Something about a life of a person with chronic delusional disorder.

Silly? Lazy? Sponger?

Was ruminating what I could have done or who I could have been if not my illness. The worst thing is that I can't organize myself and things when dealing with people. Managing interactions at work was impossible. Though I wouldn't mind better memory too. Without memory lapses and forgetfulness. But it doesn't depend on me. I try to develop memory as much as I can.

Seems constant exchange of information is the essence of life. But I'm bad at it. The thing is that exchange of info and communication is not the essence of life to me... I like solitude, ruminations and solitary activities.

Normal "friends" just can't stop bragging about their lives and pointing out how successful I could be if I wasn't "lazy" and that I "have no excuse". And I waste my time arguing with them. The fact is I don't need any excuses. I'm mentally disabled and I'm not lazy at all, trying hard to do what I can. Abulia doesn't differ from usual fatigue. It's even worse. Kind of an empty feeling, when you're not tired, still can't do anything.

But such people are very annoying. For them the conflict between wanting to do things and not being able to do - means you're bad and lazy. That's the reason why such people can't really be friends: instead of understanding you, they try to make you fulfill their requirements.

I have difficulty with telling people I'm disabled - it's no good. Telling them I'm mentally disabled - worse. They don't believe I'm sick, as I look normal. And if I look normal, they naturally think it means I'm pretending and I'm lazy. Though they don't see me in psychosis and I'm tired of people blaming and shaming me for being sick and not able to do things. And it's after five hospitalizations and disability! I'm not irritable, but when people keep telling me it's better for me to die than not to gain success... I get angry.

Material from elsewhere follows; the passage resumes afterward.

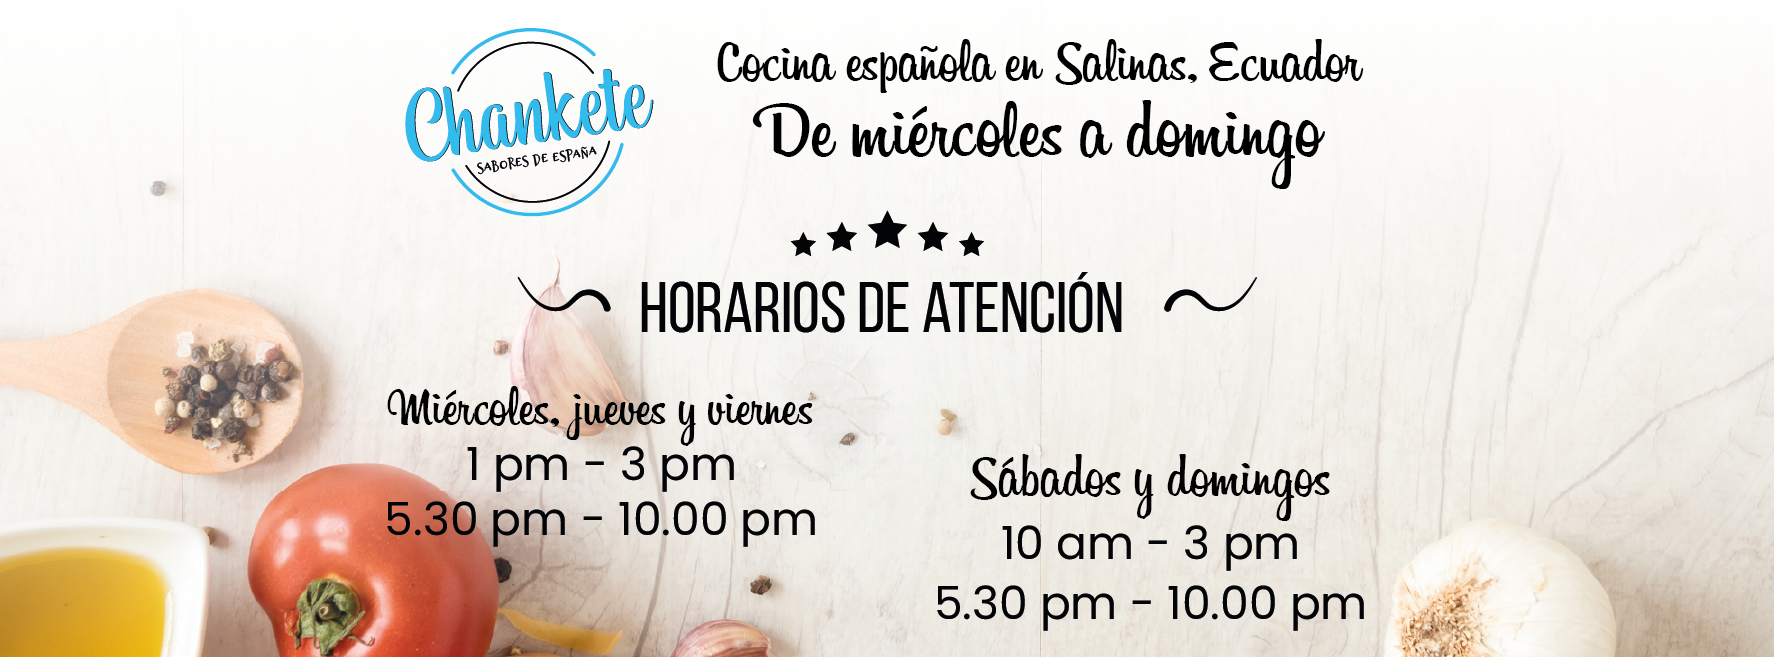 Nuevos horarios · Restaurante Chankete · Salinas, Ecuador

I seem to get more complaints than understanding from some people. They think I don't carry out my functions. That's most important for them. I started to suspect that for some people my mental illness is just another reason not to like me and to reproach me. As if it's a flaw and my fault. People would just use my mental illness to humiliate me. And if I can't understand them, they'd think me silly. And really - how would I prove I'm clever, if I have bad memory? When I'm reading books I'm like a dog that understands but can say nothing.

Some "friends" told me that they're good as they work, and I'm no good, as I don't work. And I don't know how to mend it. Feeling like a criminal. Should I only think of distant future that might never come, when I'll be able to carry out my functions in the society and will be respected again? Do mentally disabled people have no right to be respected just the way they are? Some call me "a sponger", as if I never did anything useful in my life. Though I'm glad I'm not the kind of a "consumer" that works twelve hours on a tedious unloved job and then watches TV all evening. I'd prefer to be "useless".